## ASSIGNMENT
An exact copy of all the data below is needed, without its pictures.

## RAW DATA
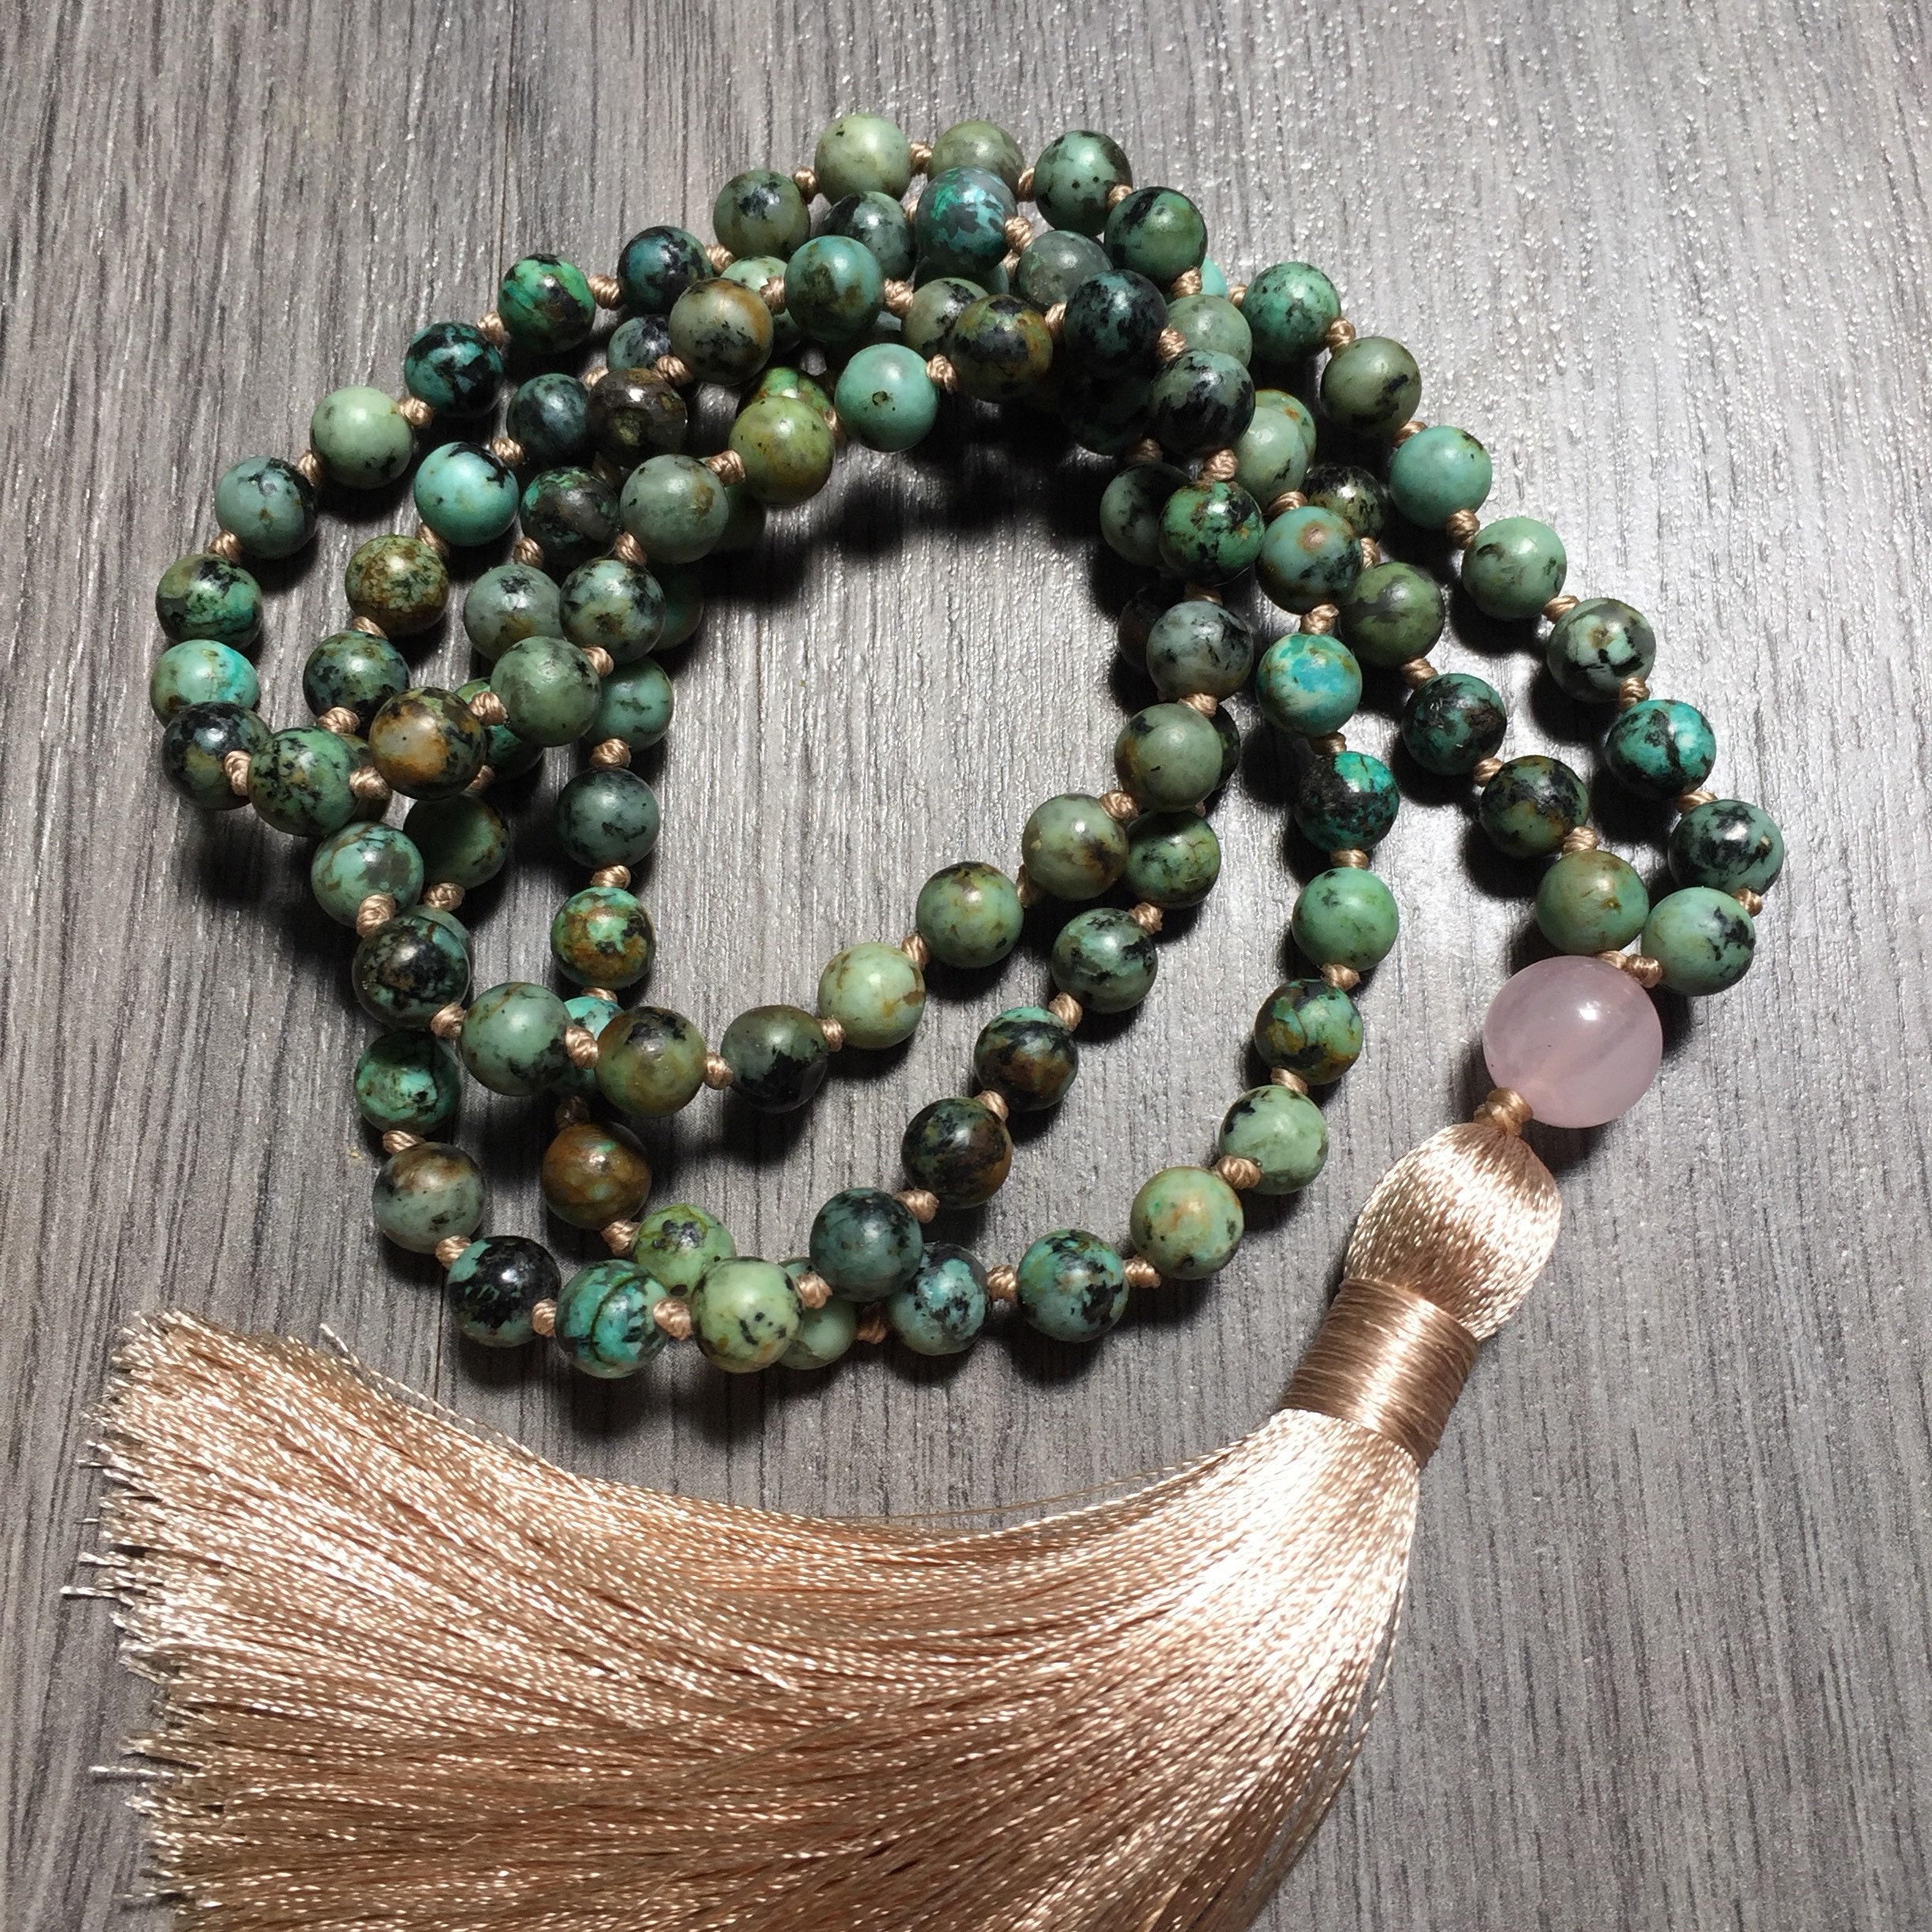 POSITIVE CHANGES Mala Necklace Turquoise Mala Beads Rose | Etsy
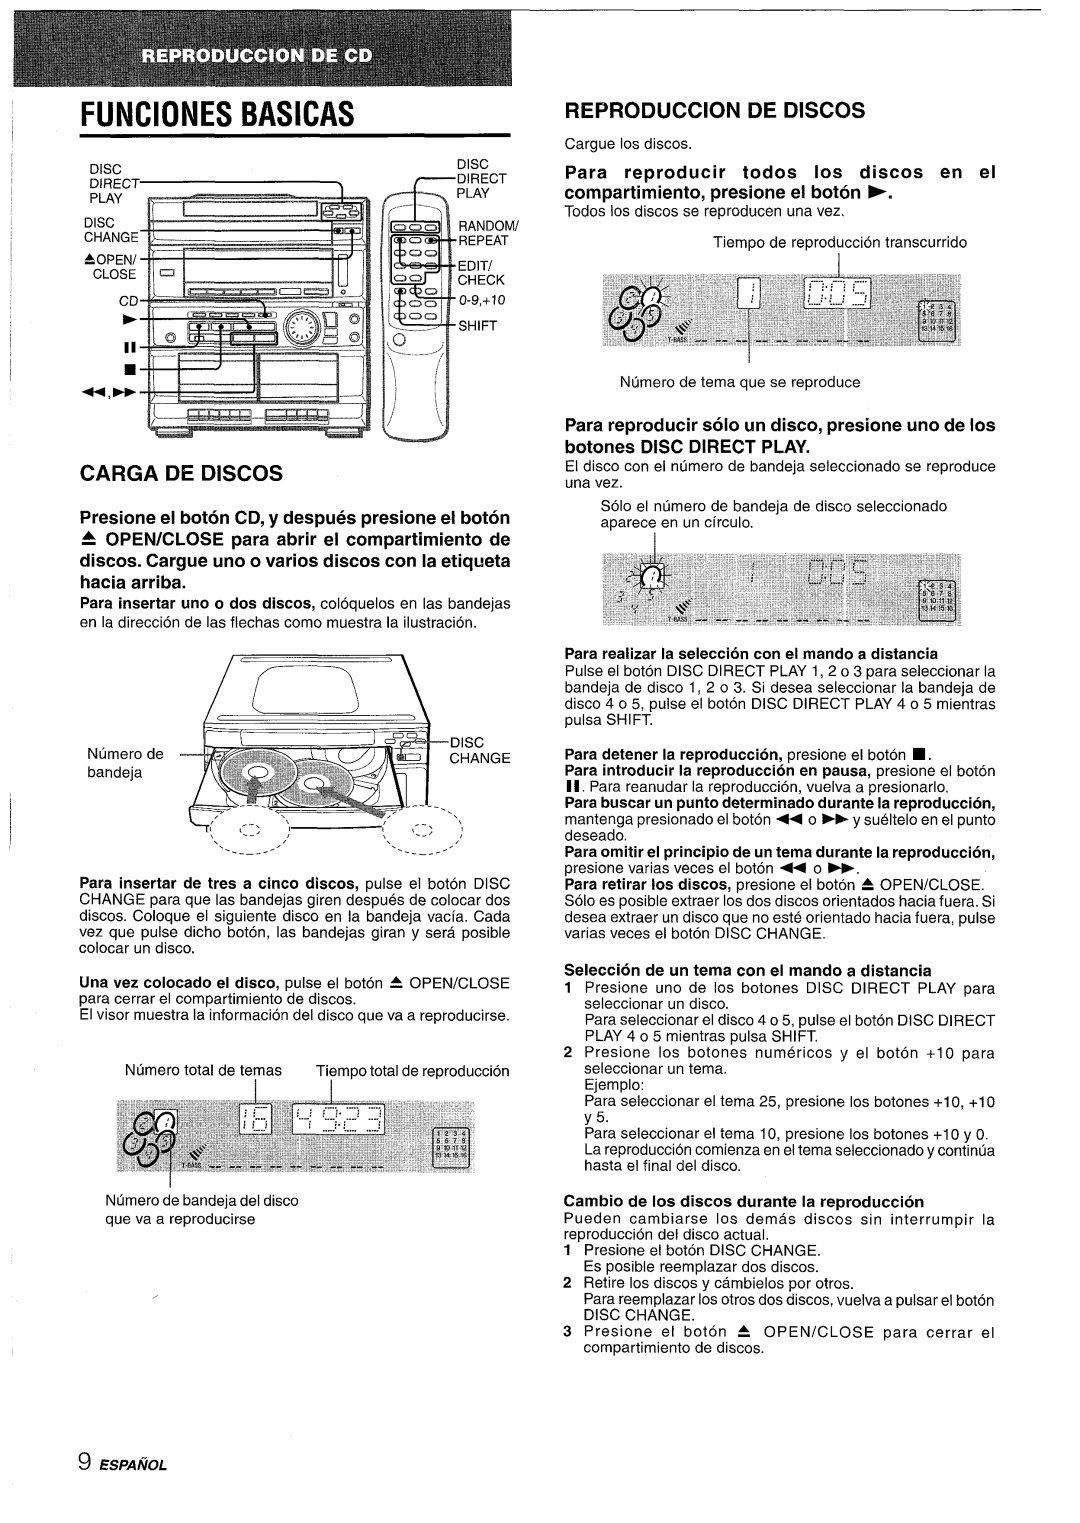 Sony CX-ZR525 manual FUNClONES, Basicas, Carga De Discos, Reproduction De Discos, Para reproducer todos Ios discos en el 
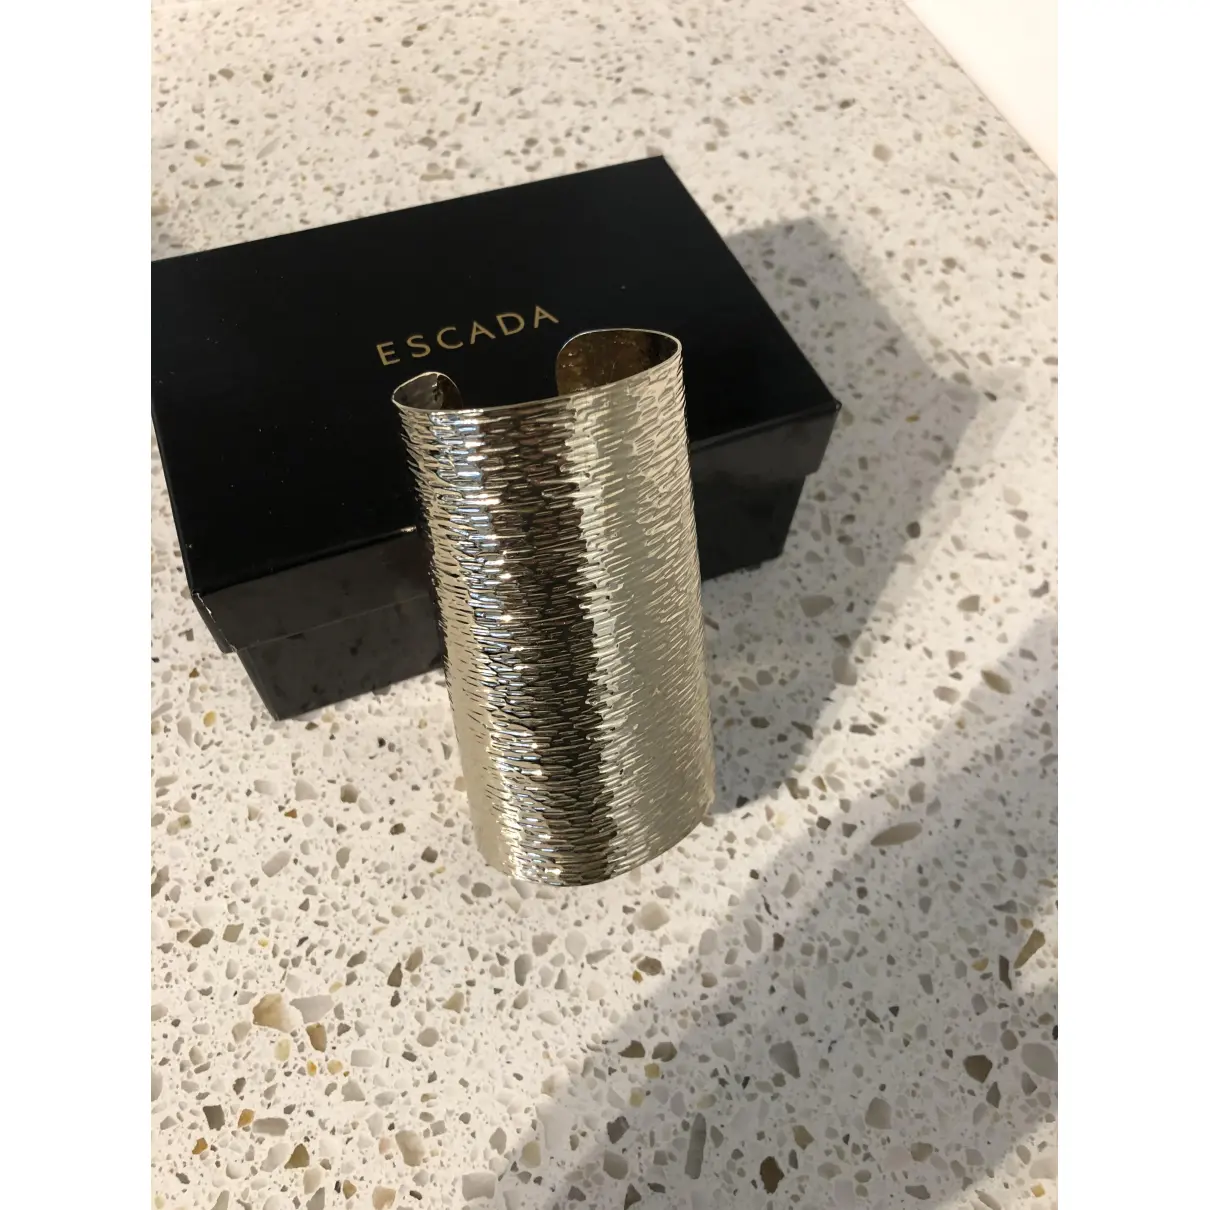 Buy Escada Gold Metal Bracelet online

## FINAL ANSWER
 POSITIVE CHANGES Mala Necklace Turquoise Mala Beads Rose | Etsy
 Sony CX-ZR525 manual FUNClONES, Basicas, Carga De Discos, Reproduction De Discos, Para reproducer todos Ios discos en el 
 Buy Escada Gold Metal Bracelet online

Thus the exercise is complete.